--- EXERCISE MATERIAL Enclosed Below ---

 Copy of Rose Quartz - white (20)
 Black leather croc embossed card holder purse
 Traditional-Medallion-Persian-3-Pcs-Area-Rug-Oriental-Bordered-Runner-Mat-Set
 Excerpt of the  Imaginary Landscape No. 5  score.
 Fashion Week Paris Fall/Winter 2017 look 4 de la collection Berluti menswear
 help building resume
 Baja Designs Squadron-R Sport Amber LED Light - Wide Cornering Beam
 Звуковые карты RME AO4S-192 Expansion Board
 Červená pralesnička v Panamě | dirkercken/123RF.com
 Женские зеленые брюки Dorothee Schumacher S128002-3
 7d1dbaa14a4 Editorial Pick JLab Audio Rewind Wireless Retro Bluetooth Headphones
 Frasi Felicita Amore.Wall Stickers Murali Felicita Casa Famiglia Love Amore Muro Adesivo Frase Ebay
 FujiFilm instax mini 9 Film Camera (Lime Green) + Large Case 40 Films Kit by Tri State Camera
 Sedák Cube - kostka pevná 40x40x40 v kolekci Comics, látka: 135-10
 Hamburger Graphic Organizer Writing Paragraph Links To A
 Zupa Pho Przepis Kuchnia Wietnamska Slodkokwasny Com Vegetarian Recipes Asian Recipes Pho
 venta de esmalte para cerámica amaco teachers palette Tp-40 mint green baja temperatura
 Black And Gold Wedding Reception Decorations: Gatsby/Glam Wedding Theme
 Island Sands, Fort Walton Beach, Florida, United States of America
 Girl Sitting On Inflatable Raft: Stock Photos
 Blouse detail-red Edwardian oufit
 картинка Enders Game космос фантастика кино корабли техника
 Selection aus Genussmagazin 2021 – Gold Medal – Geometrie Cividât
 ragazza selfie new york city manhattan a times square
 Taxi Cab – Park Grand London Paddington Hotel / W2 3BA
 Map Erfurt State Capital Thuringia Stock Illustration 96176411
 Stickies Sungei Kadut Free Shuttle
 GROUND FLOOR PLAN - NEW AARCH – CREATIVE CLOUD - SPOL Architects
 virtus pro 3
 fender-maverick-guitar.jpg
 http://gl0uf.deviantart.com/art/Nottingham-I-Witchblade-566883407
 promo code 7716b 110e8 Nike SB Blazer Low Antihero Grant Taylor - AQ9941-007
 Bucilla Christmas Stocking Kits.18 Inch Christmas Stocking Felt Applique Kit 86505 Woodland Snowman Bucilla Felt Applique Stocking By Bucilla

--- End of Enclosed EXERCISE MATERIAL ---

ACTIVITY
Find and show each line of the listing with the word "Gold".

RESULT BELOW
 Black And Gold Wedding Reception Decorations: Gatsby/Glam Wedding Theme
 Selection aus Genussmagazin 2021 – Gold Medal – Geometrie Cividât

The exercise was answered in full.